The data storage system 20 includes multiple storage processors 26(A), 26(B) (collectively, storage processors 26), a cache mirror bus 28 and a set of disk drives 30(1), ... 30(N) (collectively, disk drives 30). The storage processors 26 are configured to perform data storage operations (e.g., read operations, write operations, etc.) on behalf of the external hosts 22. The cache mirror bus 28 is configured to convey data between caches of the storage processors 26 thus enabling cache mirroring between the storage processors 26. The set of disk drives 30 enables the data storage system 20 to store and retrieve data on behalf of the external hosts 22 in a fault tolerant, non-volatile manner (e.g., using a RAID scheme). Each storage processor 26 is configured to perform write-back caching in response to write operations 32 from the external hosts 22 while both storage processors 26 are in operation. That is, each storage processor 26 acknowledges completion of a write operation 32 once the write data reaches its local write cache and, if possible, once the write data is mirrored in the local write cache of the other storage processor 26. Additionally, each storage processor 26 is configured to continue to perform such write-back caching after a failure of the other storage processor 26. Such operation enables the data storage system 20 to provide improved response times and quicker recovery in the event a storage processor failure.

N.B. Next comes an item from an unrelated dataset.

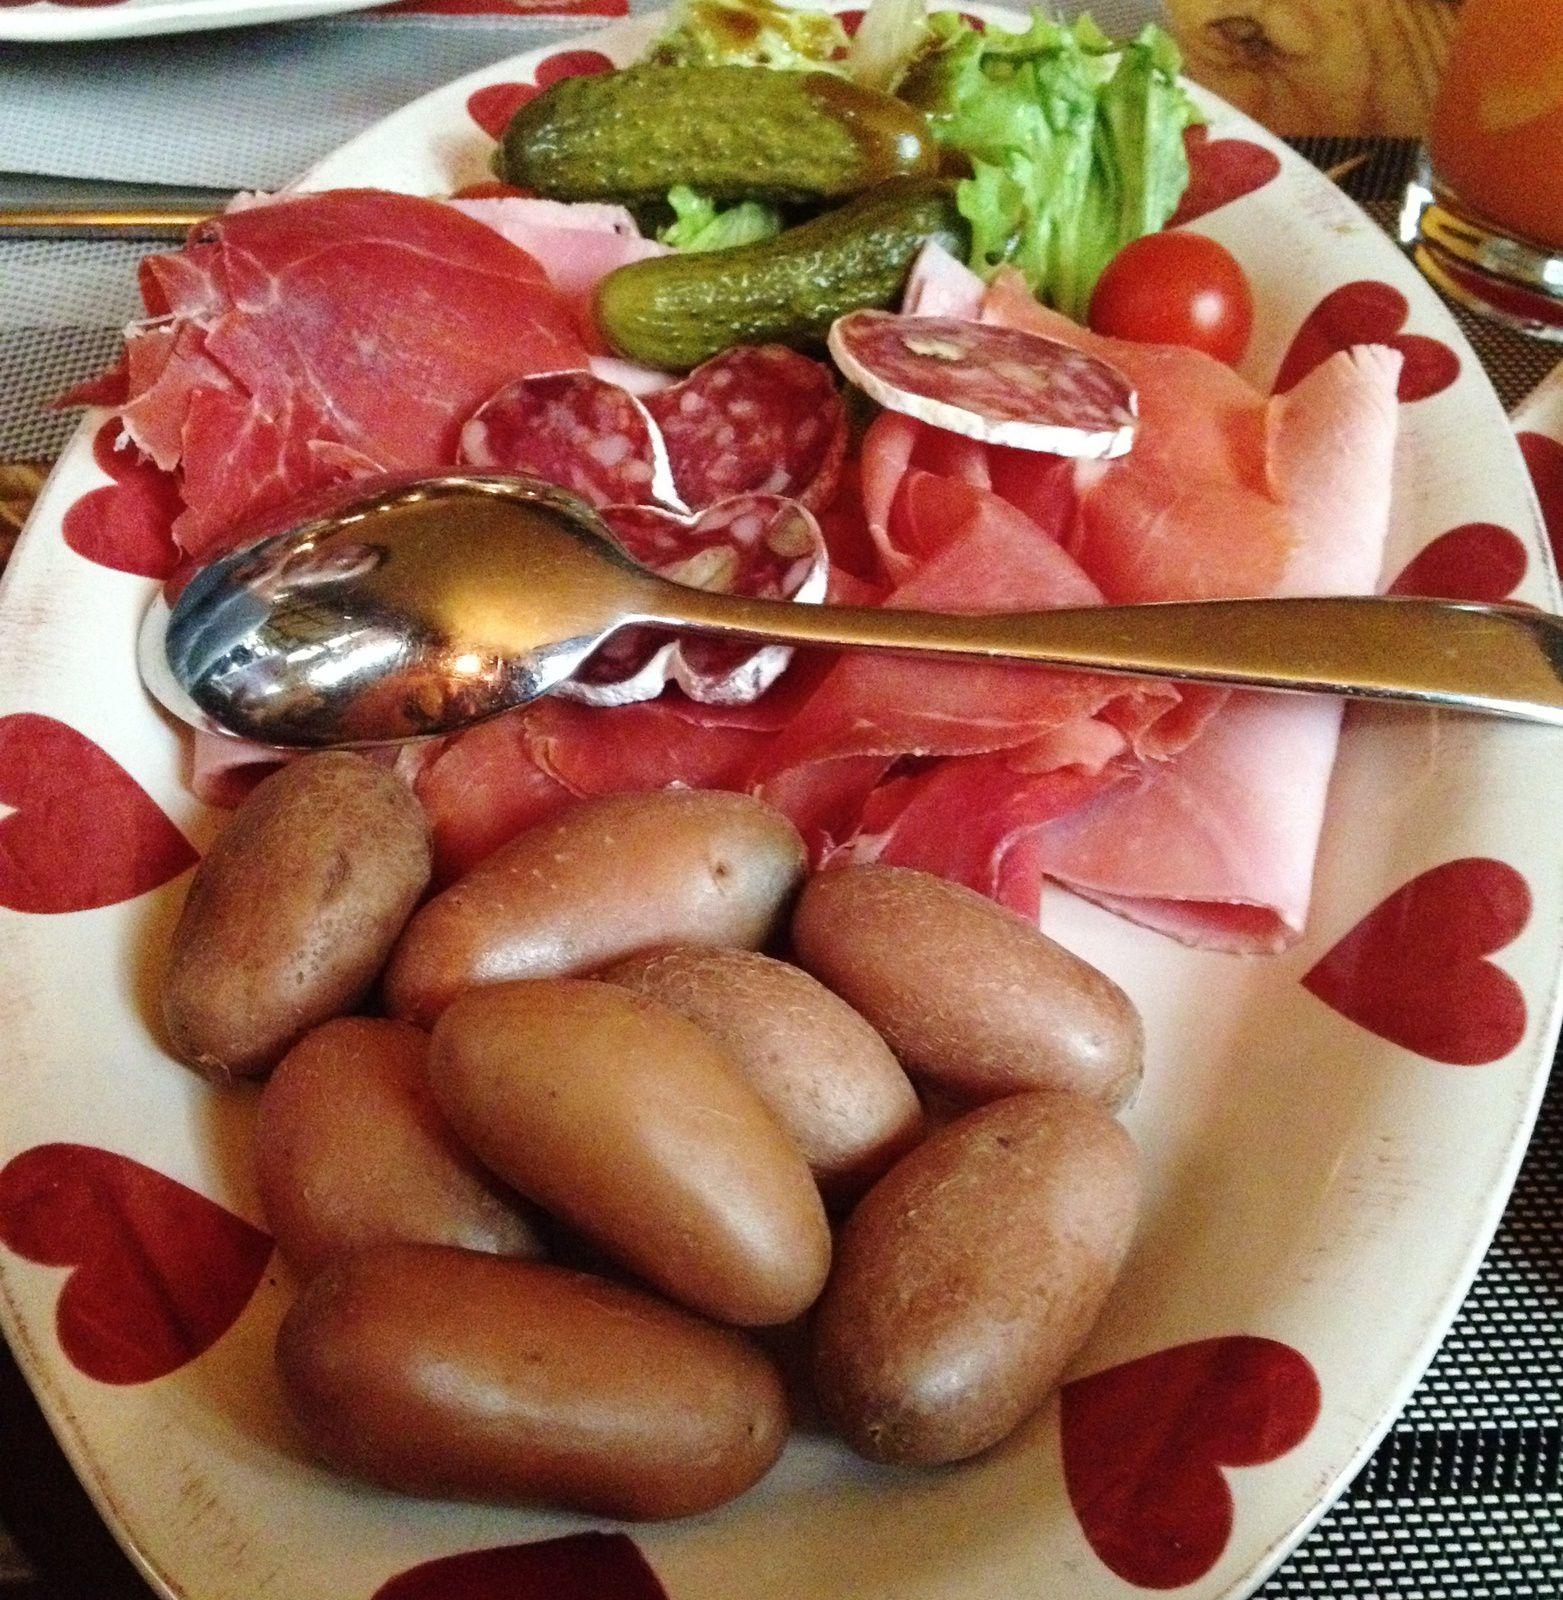 Le plat.La reloch du berger:un reblochon aux oignons et lardons poêlés et cuisinés au vin blanc selon la recette d'1 vieux berger, accompagné de PDT,jambon de montagne,jambon torchon,saucisson des Alpes,tomate,cornichon et salade verte. Quand j'ai vu l'assiette,j'ai demandé c'est pour 2? En mode Gargantua mais un vrai délice. Un petit mot pour le vieux berger: Je veux bien votre recette.
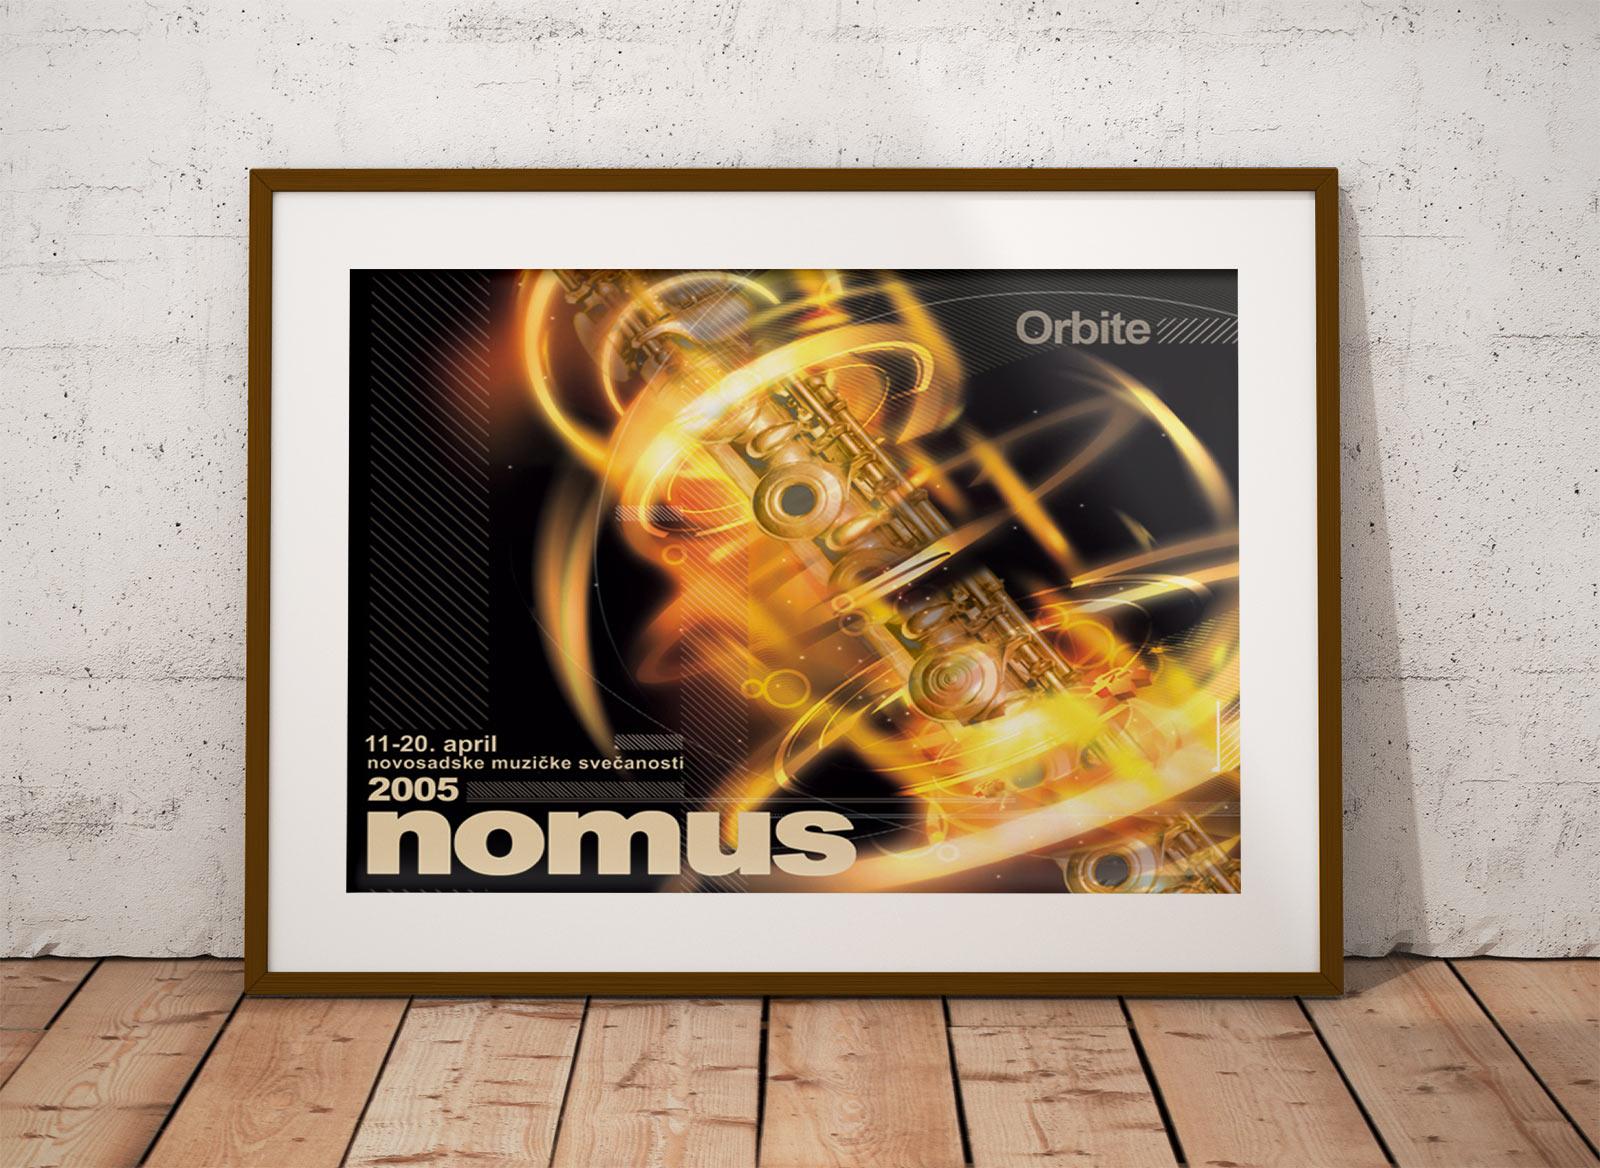 nomus-2005

For example, suppose that the storage processor 26(A) fails for a short period of time (e.g., due to an unanticipated soft reset). The storage processor 26(B) continues to operating under a write-back write policy. Such continued write-back operation alleviates the need to vault the write cache of the storage processor 26(B) which would otherwise make the data storage system 20 unavailable for a period of time. Additionally, such continued write-back operation avoids the performance hit associated with subsequently destaging the vaulted write cache contents to magnetic disk as well as running the data storage system in a write-through mode. Moreover, since the storage processor 26(B) continues in write-back mode, the storage processor 26(A) is capable of easily becoming active again (i.e., rejoining in performance of host-based read and write operations) rather than having to wait until vault destaging is complete which could take several hours. Further details will now be provided with reference to Fig. 2.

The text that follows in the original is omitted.